An hour after I crossed the finis line was when everything changed. By the time I walked through the shoot to get my medal, space blanket, food, and drop bag, I was almost at my hotel. I waited in the room for my friends, Emily and Anji to come back. And they did. Not too long after their return, we started hearing sirens and that was when Anji got a phone call. She picked up and I heard, "What!?" My heart sank. That didn't sound good and I was right.

Something this sinister and tragic is difficult to comprehend. Shortly after we, as well as the whole world, got the news. SMS, facebook posts, and messages came flooding in from our caring friends and family.
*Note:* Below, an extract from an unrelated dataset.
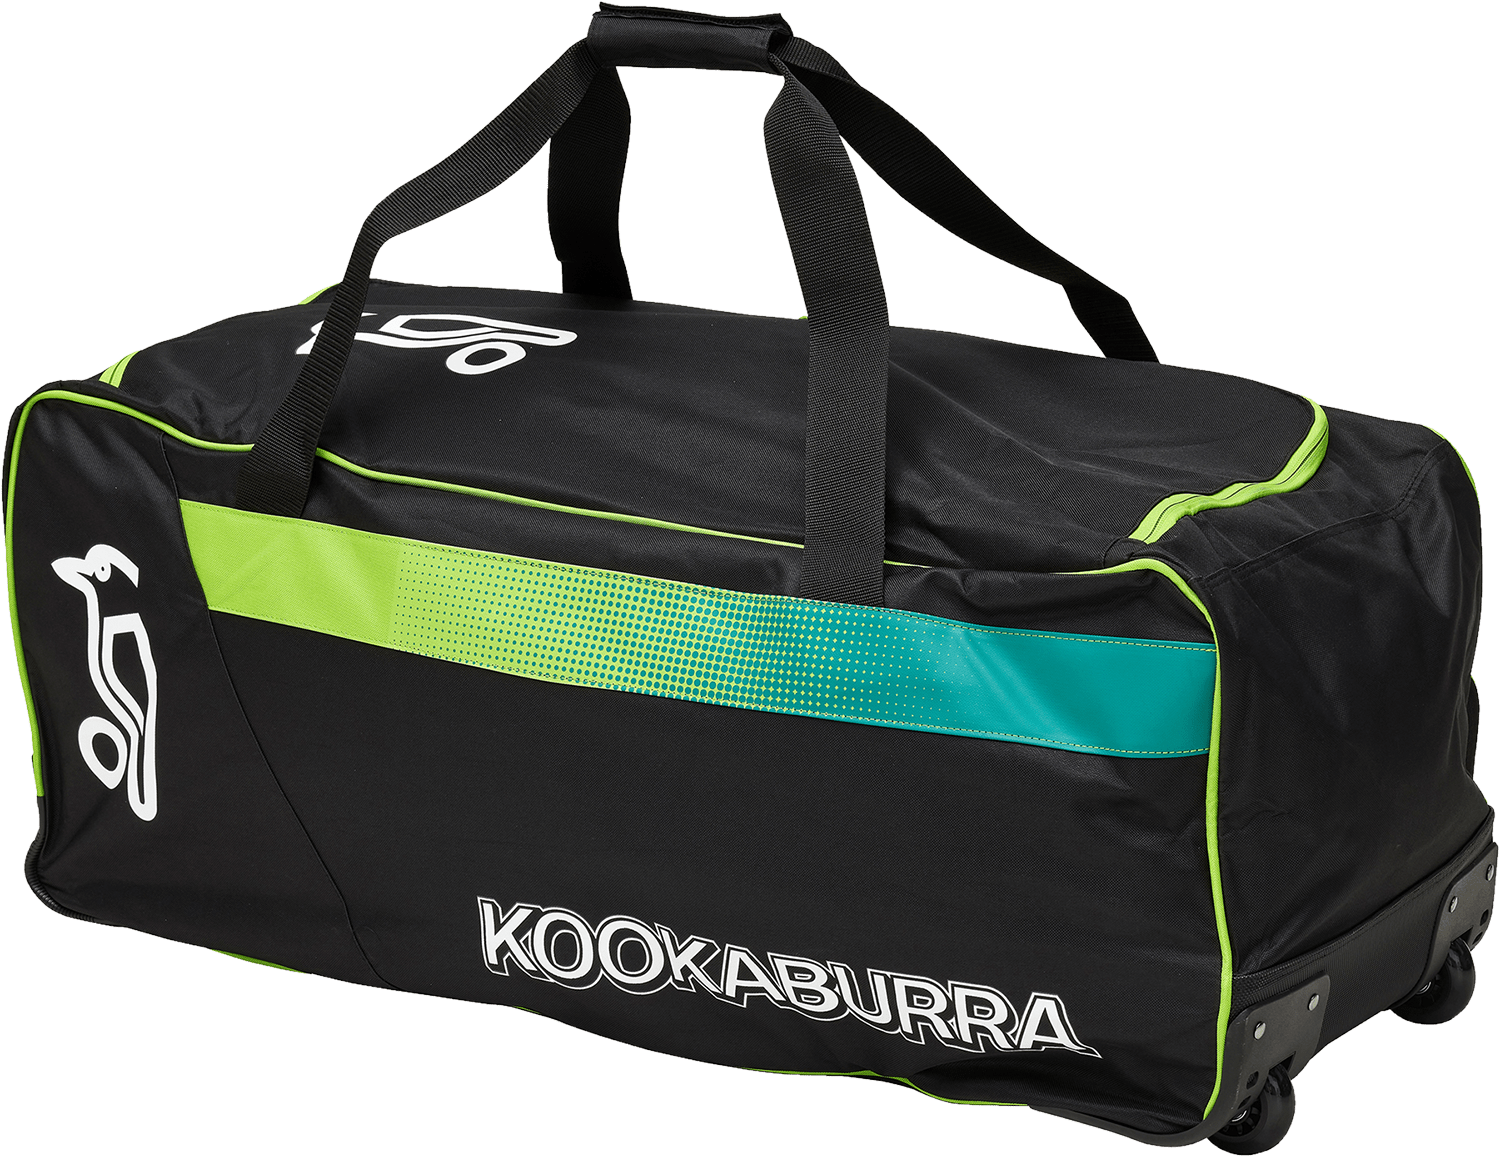 Kookaburra Cricket Bags Kookaburra 3.0 Wheelie Cricket Bag

Just as we thought we had accounted the safety for everyone we knew, we realized we were wrong. I had no words.

I read an article a couple days afterwards about why the marathon still matters and that our finishes still matter despite the tragedy. I understand the point of view, but I don't feel that way. People have lost their lives and their legs in the bombing. It's not because I didn't feel right to celebrate a marathon finish and a 5-minute PR, I just couldn't find the joy to be celebrating. To all my friends who genuinely congratulated me, all I could mustered was an indifferent "thank you." Was that sadness? Maybe. I felt hallowed.

Run Your Heart for Boston (Photo by: Chris Page)
The Charlotte running community was as shocked as I was. Rob asked me if we could host an unsanctioned race to raise funds for the Gross family.  Of course we could. I did my usual thing in creating a Facebook event and support came in overwhelmingly. First was Vac and Dash who printed all our shirt, then came Davidson Timing. Then Charlotte Running Club, plus many more. If two men decided to use their free will to do something evil, the running community had shown me we could also response with our free will to do good. I'm thankful for that. Rob's idea eventually became a gathering of 300+ runners with over $17,000 raised. None of us could have done it alone, but together we did it. 

Strangely, I felt a bit of closure after today, though I know this is only the beginning for the Gross family. I also know our effort and support won't stop after today. I'm a firm believer that God could turn a curse into a blessing, and I pray that He would.